The 3 months correlation between Hamilton and Mohawk is 0.39. Overlapping area represents the amount of risk that can be diversified away by holding Hamilton Beach Brands Holding and Mohawk Group Holdings in the same portfolio assuming nothing else is changed. The correlation between historical prices or returns on Mohawk Group Holdings and Hamilton Beach is a relative statistical measure of the degree to which these equity instruments tend to move together. The correlation coefficient measures the extent to which returns on Hamilton Beach Brands are associated (or correlated) with Mohawk Group. Values of the correlation coefficient range from -1 to +1, where. The correlation of zero (0) is possible when the price movement of Mohawk Group Holdings has no effect on the direction of Hamilton Beach i.e. Hamilton Beach and Mohawk Group go up and down completely randomly.
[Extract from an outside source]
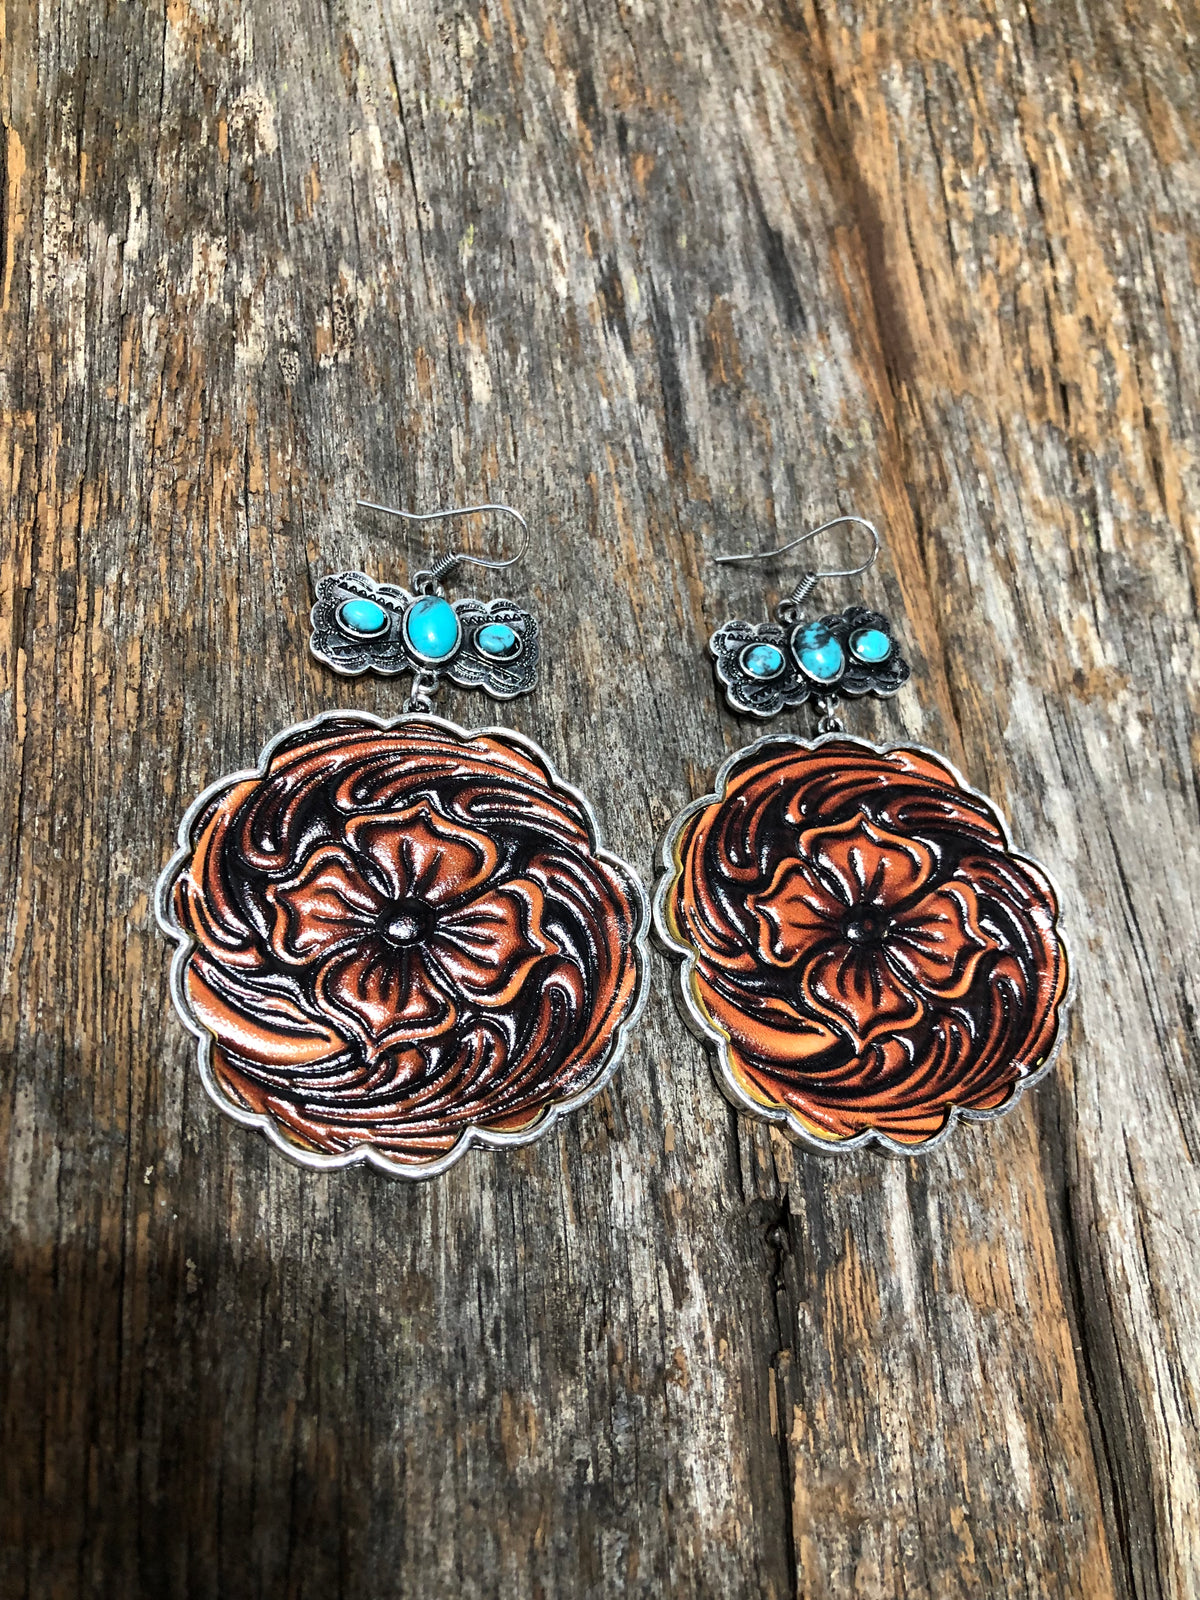 Western Earrings - Round Floral Leather Drop
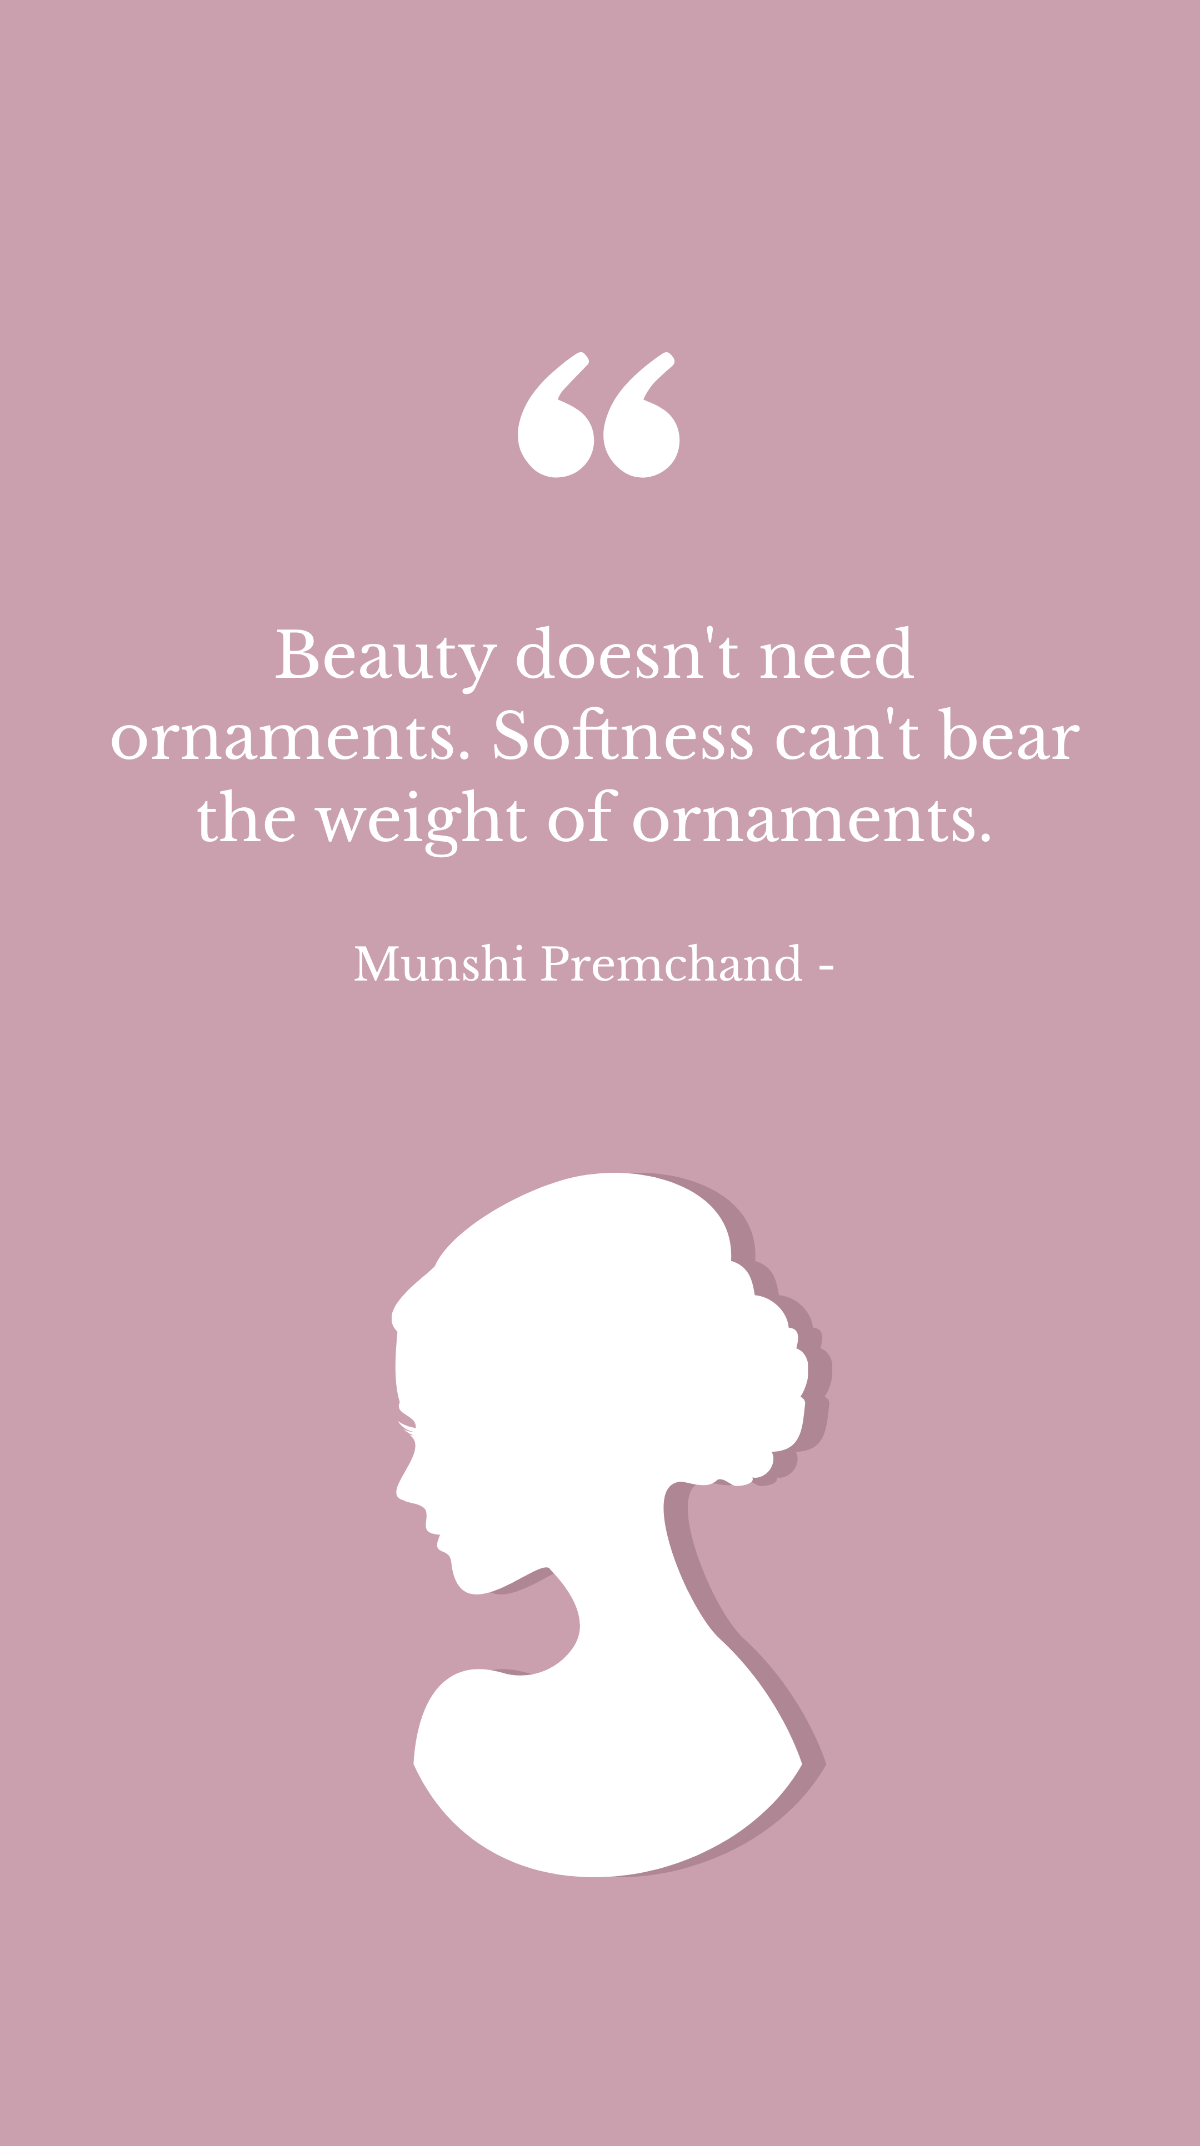 Munshi Premchand - Beauty doesn't need ornaments. Softness can't bear the weight of ornaments.

Pair Corralation between Hamilton Beach and Mohawk Group

Considering 30-days investment horizon, Hamilton Beach is expected to generate 28.53 times less return on investment than Mohawk Group. But when comparing it to its historical volatility, Hamilton Beach Brands is 1.57 times less risky than Mohawk Group. It trades about 0.01 of its potential returns per unit of risk. Mohawk Group Holdings is currently generating about 0.11 of returns per unit of risk over similar time horizon. If you would invest  347.00  in Mohawk Group Holdings on April 30, 2020 and sell it today you would earn a total of  168.00  from holding Mohawk Group Holdings or generate 48.41% return on investment over 30 days.
Time Period3 Months [change]
DirectionMoves Together 
StrengthVery Weak
ValuesDaily Returns

Hamilton Beach Brands Holding   vs.  Mohawk Group Holdings

 Performance (%) 
Hamilton Beach Brands 

Hamilton Beach Risk-Adjusted Performance

Over the last 30 days Hamilton Beach Brands has generated negative risk-adjusted returns adding no value to investors with long positions. Despite somewhat strong basic indicators, Hamilton Beach is not utilizing all of its potentials. The new stock price disturbance, may contribute to short term losses for the investors.
Mohawk Group Holdings 

Mohawk Group Risk-Adjusted Performance

Compared to the overall equity markets, risk-adjusted returns on investments in Mohawk Group Holdings are ranked lower than 7 (%) of all global equities and portfolios over the last 30 days. Regardless of fairly weak technical and fundamental indicators, Mohawk Group demonstrated solid returns over the last few months and may actually be approaching a breakup point.

Hamilton Beach and Mohawk Group Volatility Contrast

 Predicted Return Density 
Check out your portfolio center. Please also try Watchlist Optimization module to optimize watchlists to build efficient portfolio or rebalance existing positions based on mean-variance optimization algorithm.